ThreadPoolExecutor too fast for CPU bound task

37 views Asked by At

I'm trying to understand how ThreadPoolExecutor and ProcessPoolExecutors work. My assumption for this test was that CPU-bound tasks such as increasing a counter wouldn't benefit from running on ThreadPoolExecutors because it doesn't release the GIL, so it can only use one process at a time.

@measure_execution_time
def cpu_slow_function(item):
    start = time.time()
    duration = random()
    counter = 1
    while time.time() - start < duration:
        counter += 1
    return item, counter


def test_thread_pool__cpu_bound():
    """
    100 tasks of average .5 seconds each, would take 50 seconds to complete sequentially.
    """

    items = list(range(100))

    with ThreadPoolExecutor(max_workers=100) as executor:
        results = list(executor.map(cpu_slow_function, items))

    for index, (result, counter) in enumerate(results):
        assert result == index
        assert counter >= 0.0

To my surprise, this test takes about ~5s to finish. Based on my assumptions, it should be taking ~50s, 100 tasks of an average of 0.5s each.

What am I missing?

2

There are 2 answers

0
Solomon Slow On BEST ANSWER

The GIL does not prevent Python threads from running concurrently. It only prevents more than one thread from executing a byte code at any given moment in time.
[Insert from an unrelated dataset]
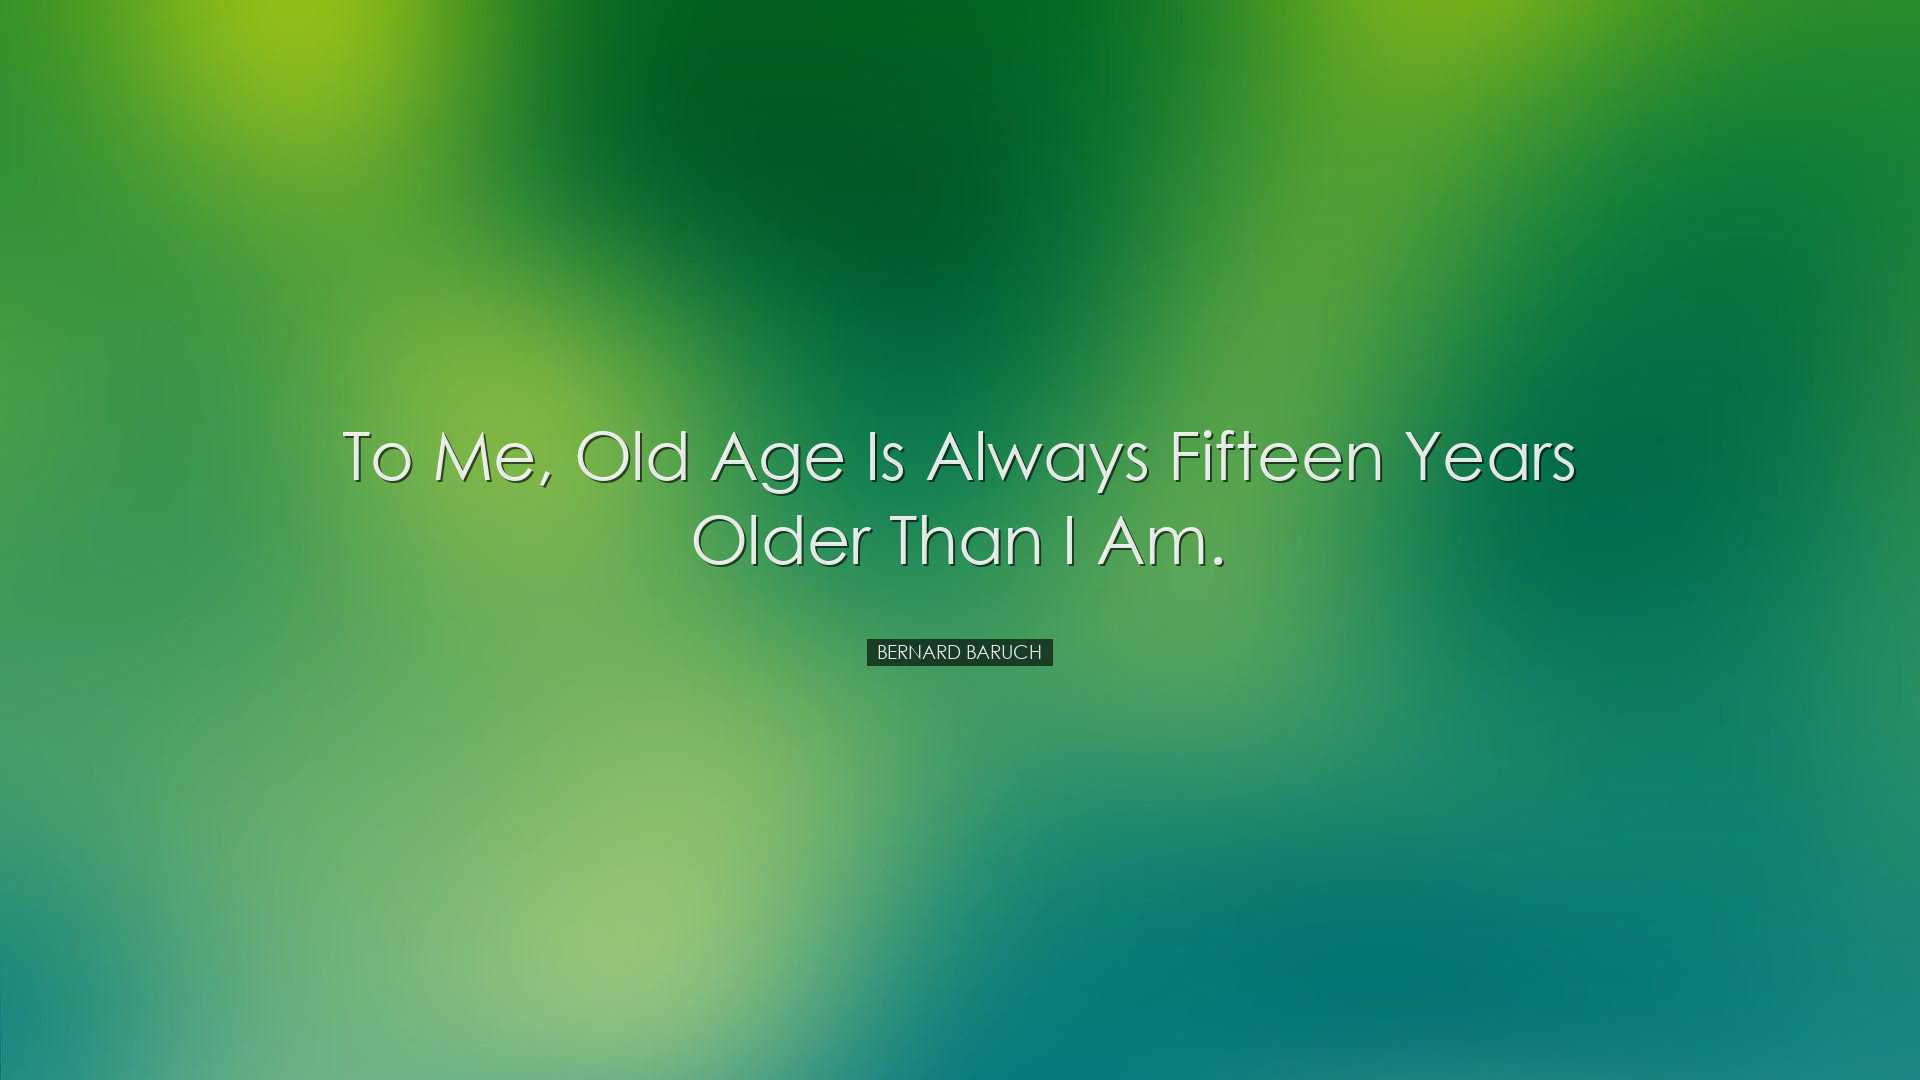 To me, old age is always fifteen years older than I am. - Bernard

At any given moment, your program will have one worker that actually is in the middle of executing a byte code, and 99 workers that all are awaiting their chance to execute their next byte code, and in the mean time, the time.time() clock is ticking (i.e., real time is passing) for all of them.

0
SIGHUP On

You can see the effect of GIL in the following variation of your code:

from concurrent.futures import ProcessPoolExecutor, ThreadPoolExecutor
from time import perf_counter, time
from os import cpu_count

def func(item: int) -> tuple[int, ...]:
    start = time()
    counter = 1
    while time() - start < 0.5:
        counter += 1
    return item, counter

def main():
    n = max(2, cpu_count() or 2) - 1
    for executor in ProcessPoolExecutor, ThreadPoolExecutor:
        with executor(n) as exe:
            begin = perf_counter()
            for _ in exe.map(func, range(100)):
                pass
            duration = perf_counter() - begin
            print(executor.__name__, f"{duration:.4f}s")

if __name__ == "__main__":
    main()

For better statistical analysis you should use a constant rather than a variable (pseudo-random) duration. Here we use 0.5s

Also, you need to ensure that both the process and thread pools are of the same size. That size is based on the number of CPUs minus 1.

Output:

ProcessPoolExecutor 7.5492s
ThreadPoolExecutor 7.8219s

We see that multi-threading is a litter slower than multiprocessing in this case because func() is entirely CPU bound.

Note:

Tested on Apple Silicon M2 where os.cpu_count() == 8